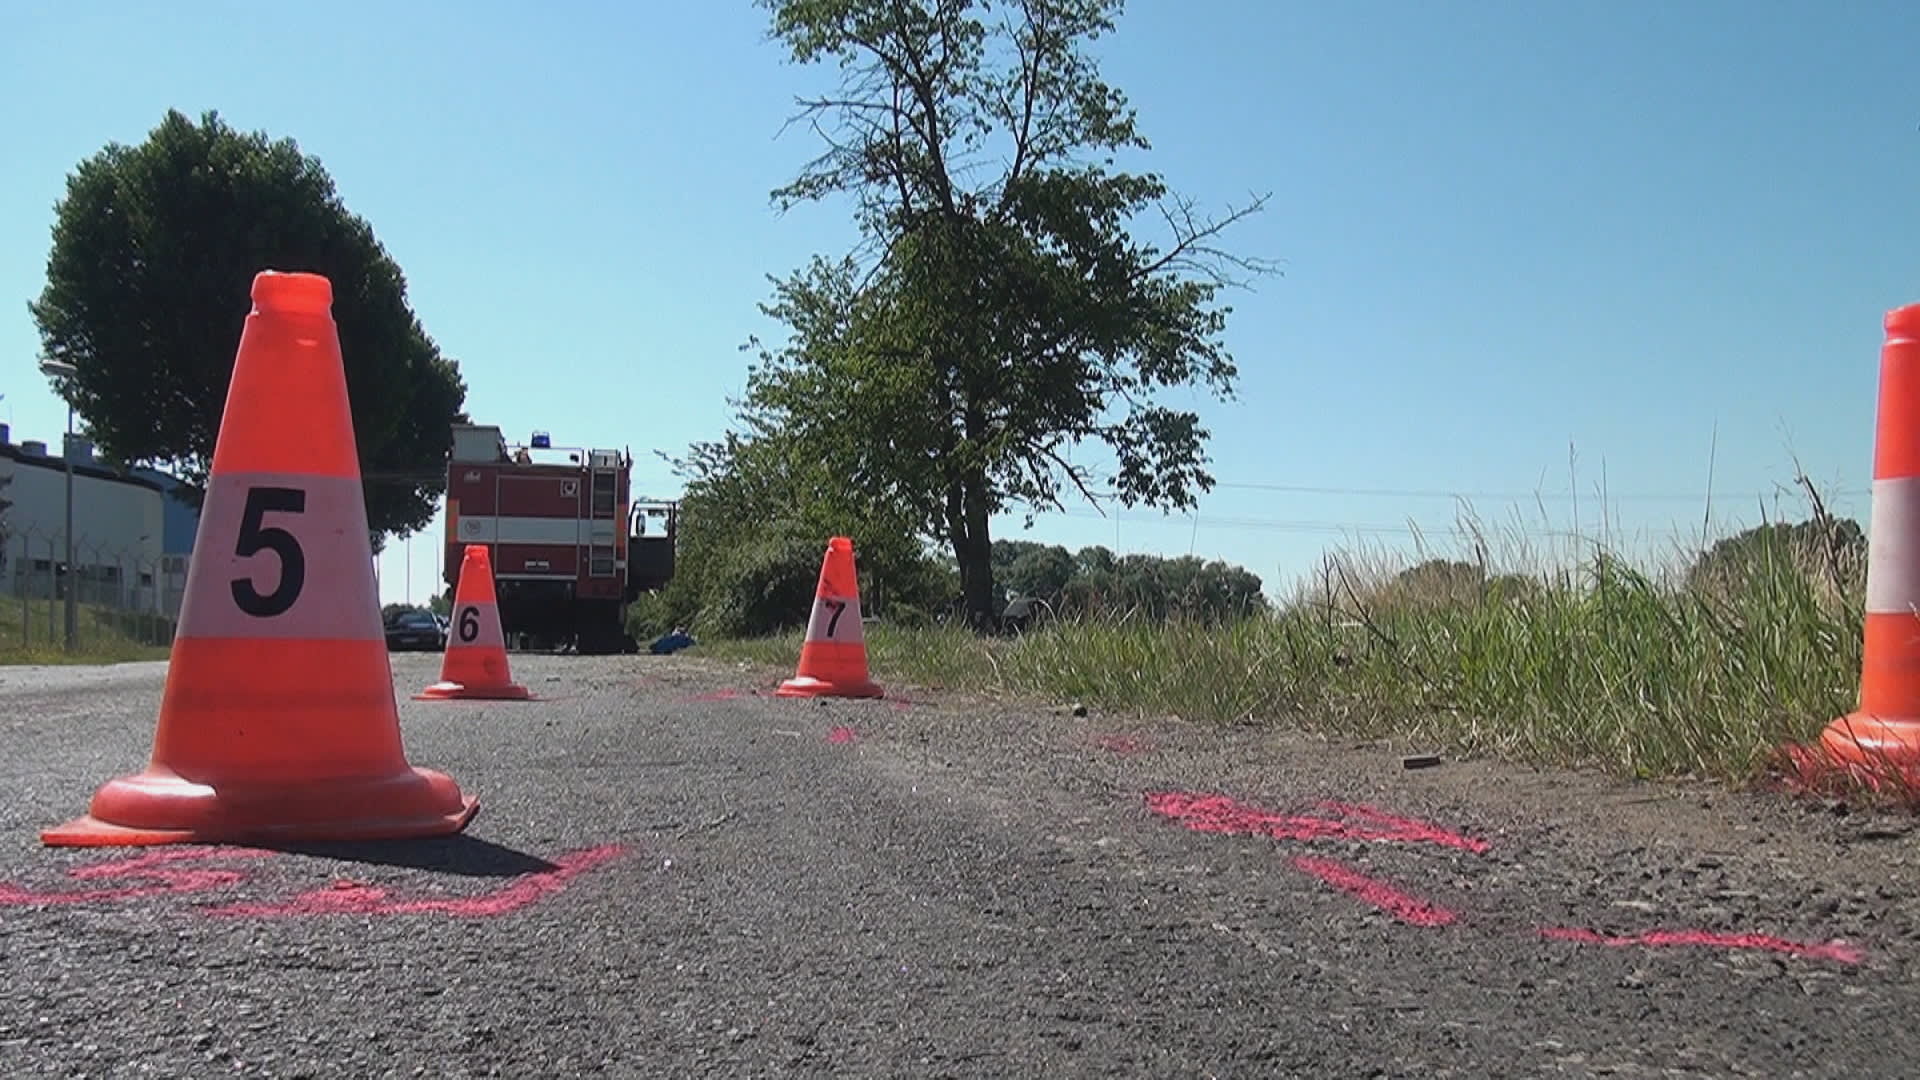 Tragická nehoda dvou aut automobilem uzavřela ve čtvrtek silnici z Jičína na Popovice
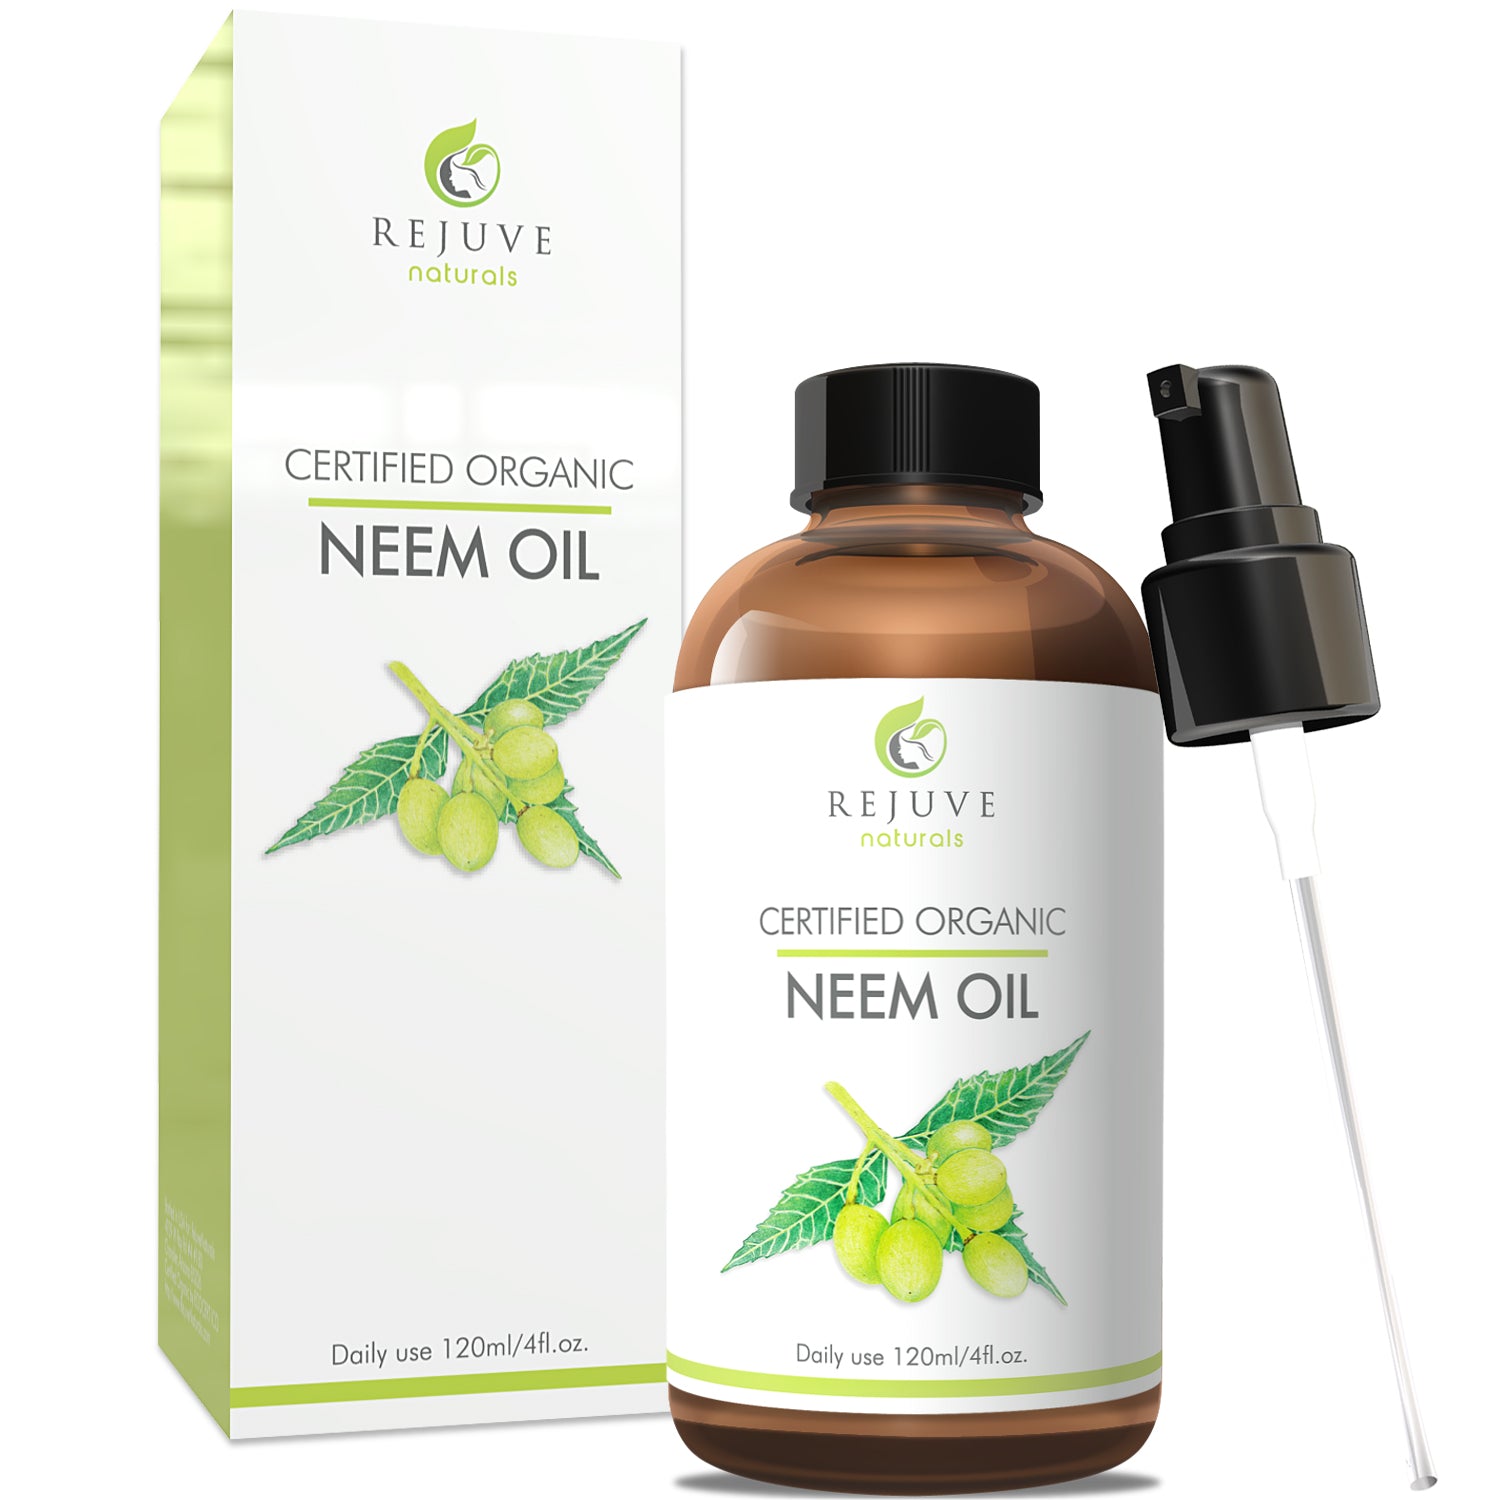 where to buy neem oil
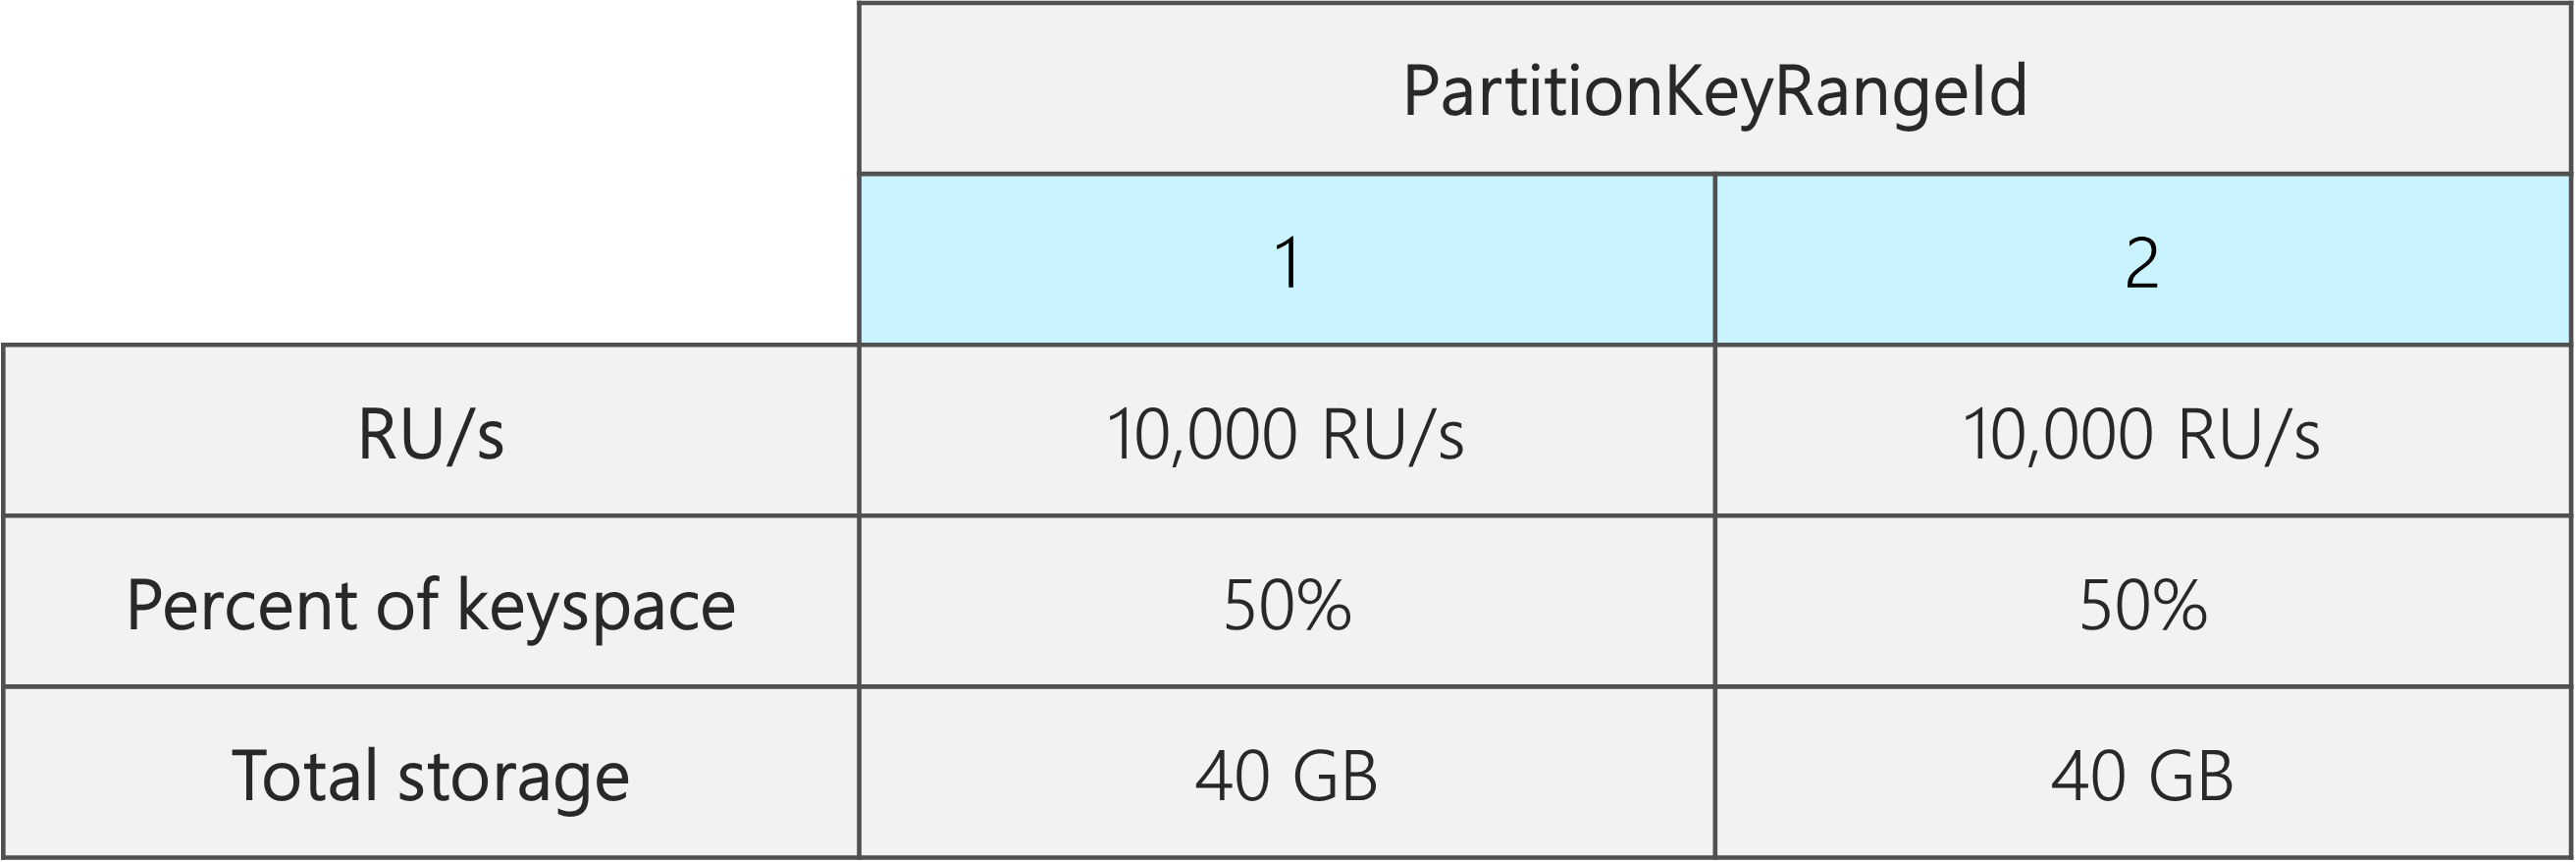 각각 10,000RU/s, 40GB, 전체 키스페이스의 50%가 있는 2개의 PartitionKeyRangeIds
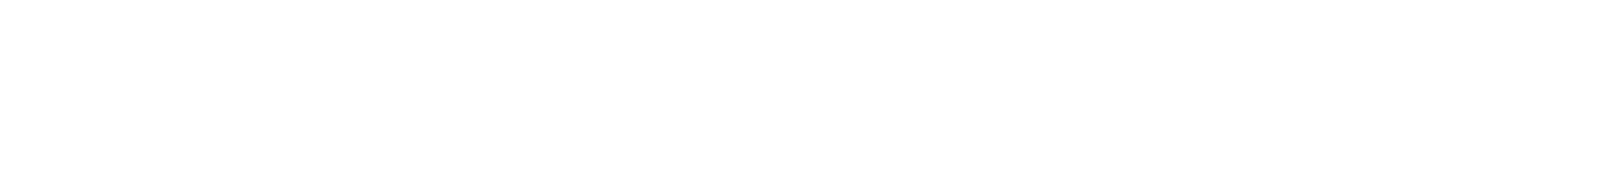 Ascential logo large for dark backgrounds (transparent PNG)

**Your goal**
The copy must start at the line containing "where to buy neem oil" and stop at the last line of the listing, both included, with every line exact and no pictures.

**Solved problem**
 where to buy neem oil
 각각 10,000RU/s, 40GB, 전체 키스페이스의 50%가 있는 2개의 PartitionKeyRangeIds
 Ascential logo large for dark backgrounds (transparent PNG)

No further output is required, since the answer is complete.